Bueno, ¿Te gustaria usar el potente FS de IBM en tu Gentoo? es facilisimo, solo tienes que seguir estos pasos:

1) Haz las particiones JFS con el instalador de alguna distro que soporte JFS y formatealas.

2) Carga el instalador de Gentoo y monta las particiones de la forma usual pero especificando el tipo, es decir mount -t jfs

3) realiza la instalacion normal, es decir el bootstrap y el emerge system.

4) A continuación haz un emerge jfsutils.

5) pillate las fuentes del kernel de Gentoo, emerge gentoo-sources

6) Compilalo con soporte JFS en el KERNEL, no como modulo.

7) en el /etc/fstab en el tipo de FS pon jfs.

 :Cool:  Sigue de forma normal, (no pude instalar el grub, decia k no existian mis particiones ¬¬, usé en cambio lilo el cual va bastante bien  :Smile: )

9) Reinicia y uffff goza de la velocidad y potencia de este FS  :Very Happy: . Ahora Gentoo si va como una flecha  :Wink: .

Ar-Timirnit

----------

## Tuxisuau

Potente FS de IBM... algun doc, alguna comparativa, algo?

Desconozco totalmente JFS y me gustaria enterarme un poco de cómo es :)

----------

## UNIX4ALL

Ahul!:

Aqui tienes la pagina oficial http://www-124.ibm.com/developerworks/oss/jfs/

En la cual reza lo siguiente:

IBM's journaled file system technology, currently used in IBM enterprise servers, is designed for high-throughput server environments, key to running intranet and other high-performance e-business file servers.

Hazte una idea jejejee  :Wink: .

Aqui tienes el anuncio de IBM cuando decidio portarlo a Linux, habla de las ventajas, tal cual...
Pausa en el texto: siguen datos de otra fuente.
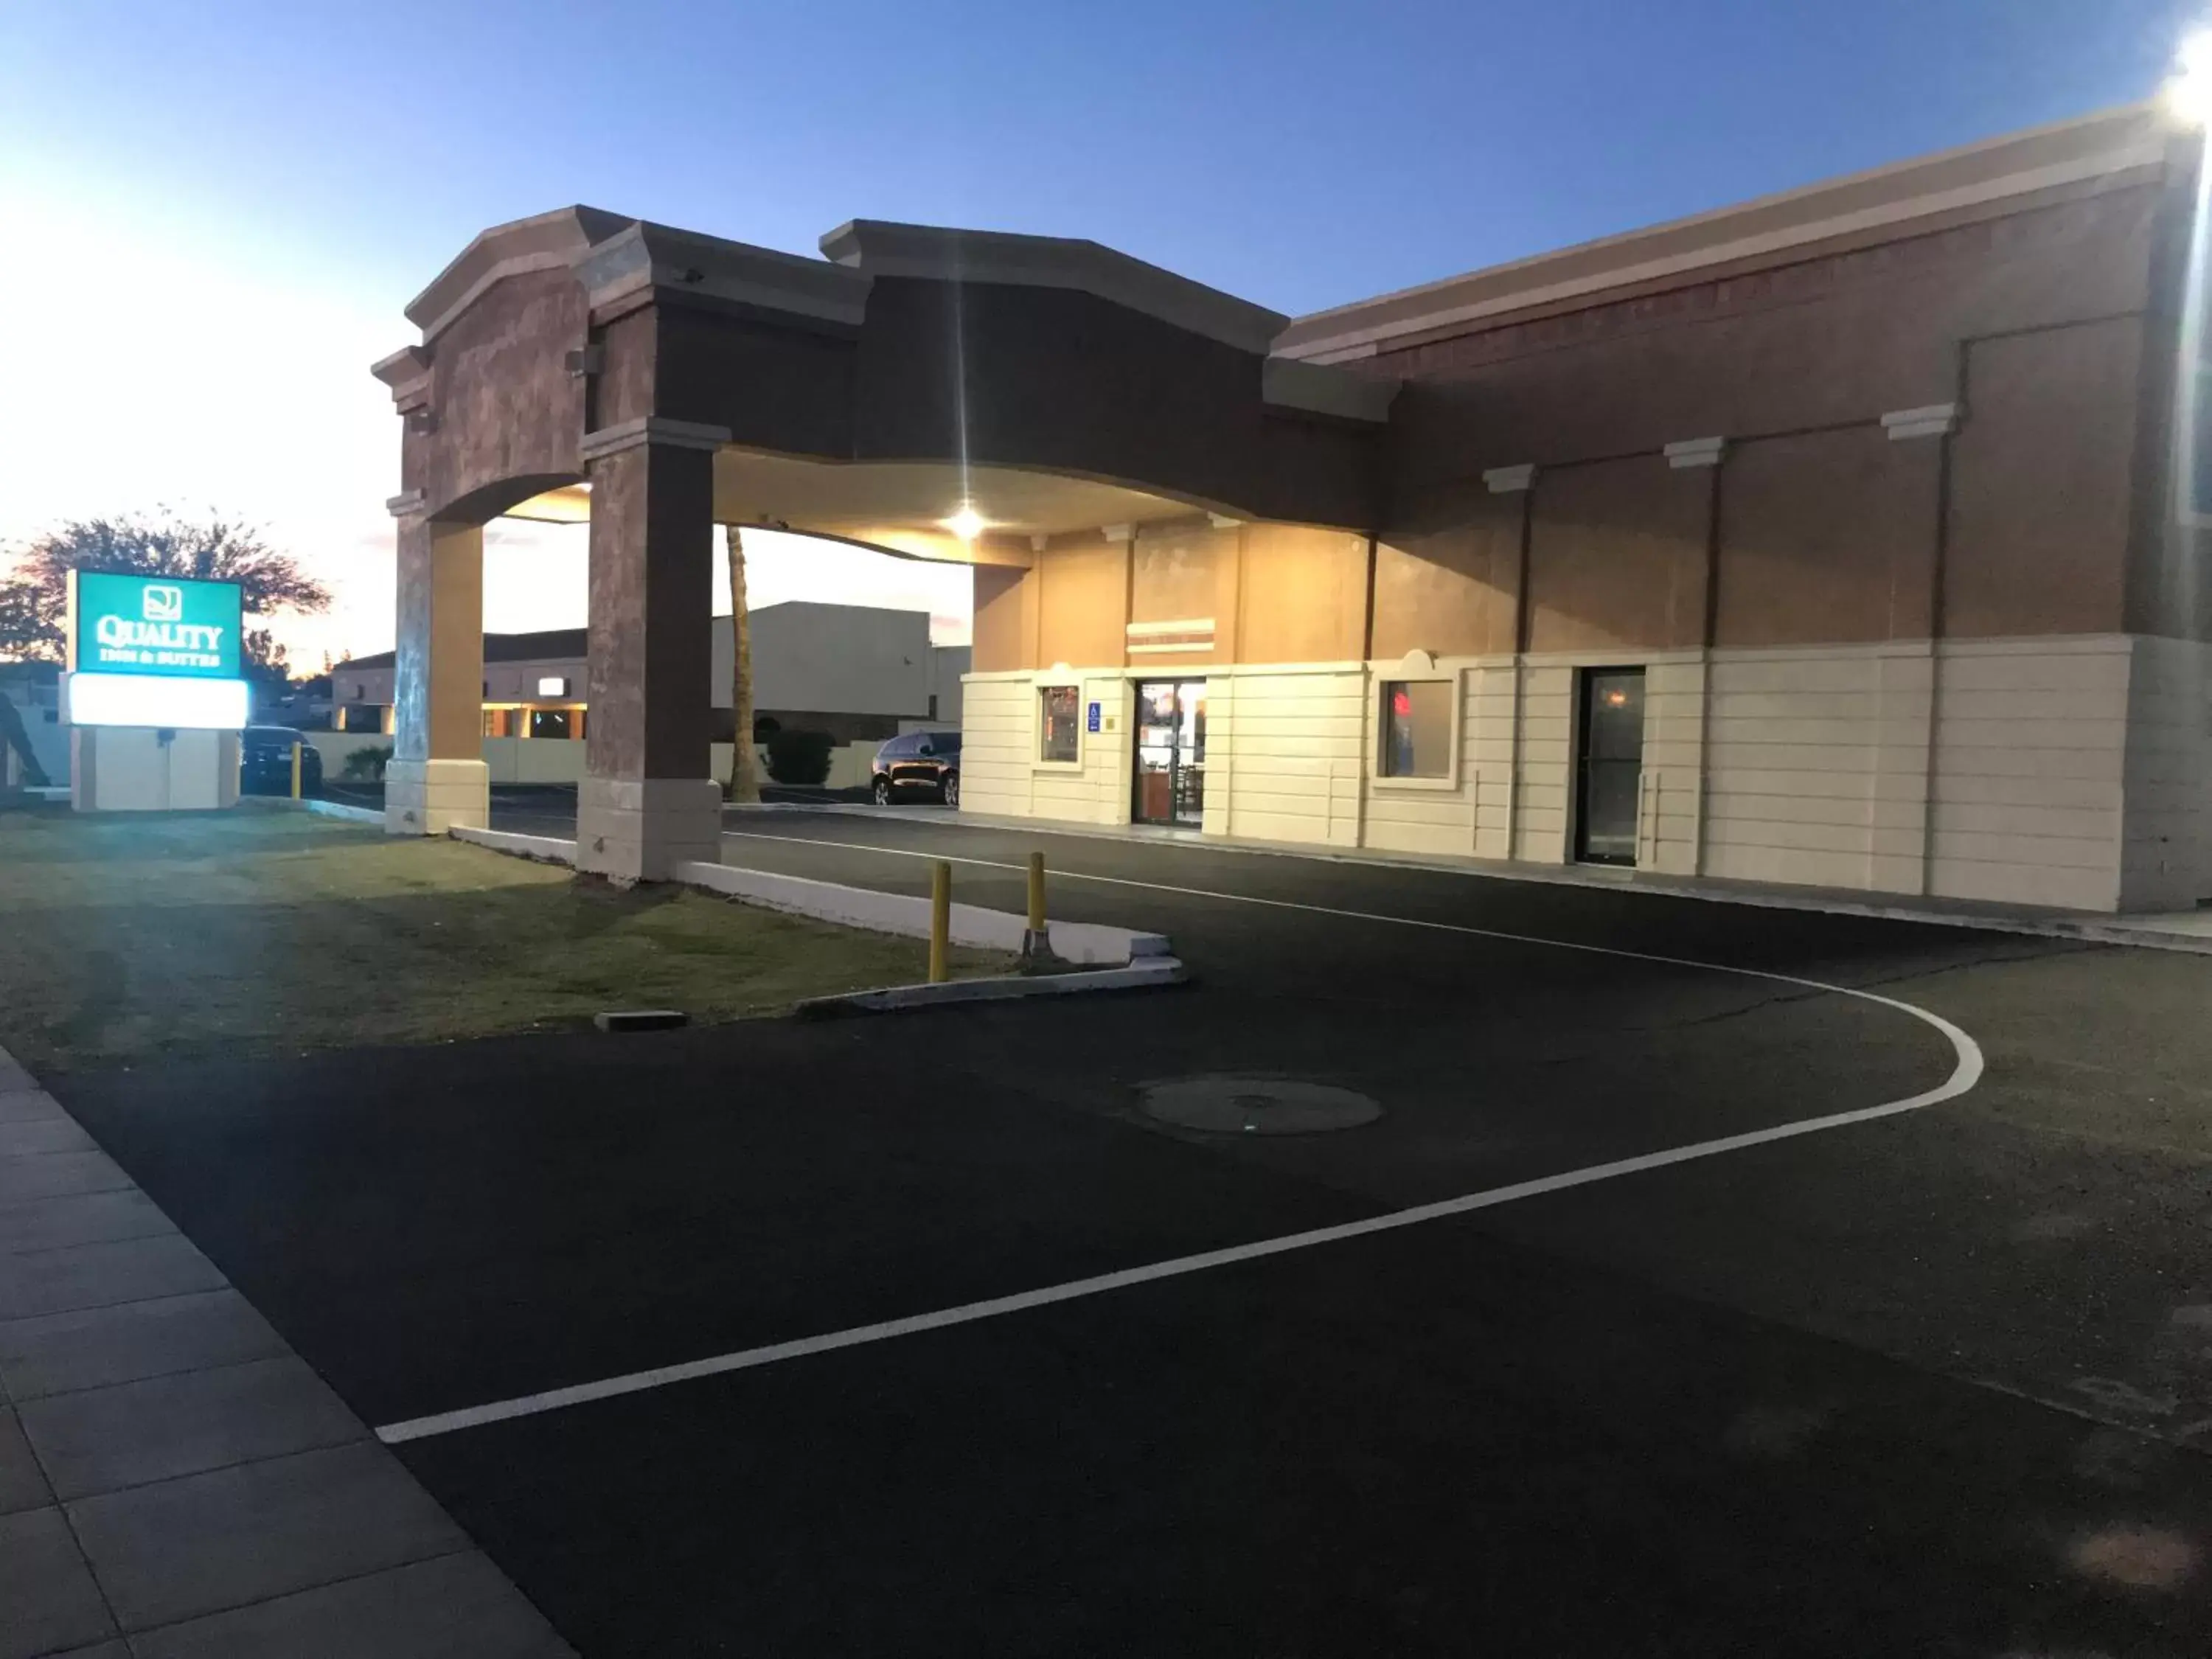 Property Building in Quality Inn & Suites near Downtown Mesa

http://oss.software.ibm.com/developerworks/opensource/features/jfs_feature.html

¿Comparativas? Aqui tienes una comparativa entre ReiserFS, XFS y JFS, ten en cuenta que el pive que las hizo usó versiones bastantes antiguas (Kernel 2.4.12, JFS 1.0.8 (la actual es la 1.0.20) y el XFS del cvs de Noviembre del 2001. Como podras ver los tiempos de acceso de JFS frente a ReiserFS y XFS son infimos  :Smile: .

http://www.namesys.com/benchmarks/bonnie/2.4.12_-reiserfs_vs_-jfs_-xfs.txt

Ar-Timirnit!

----------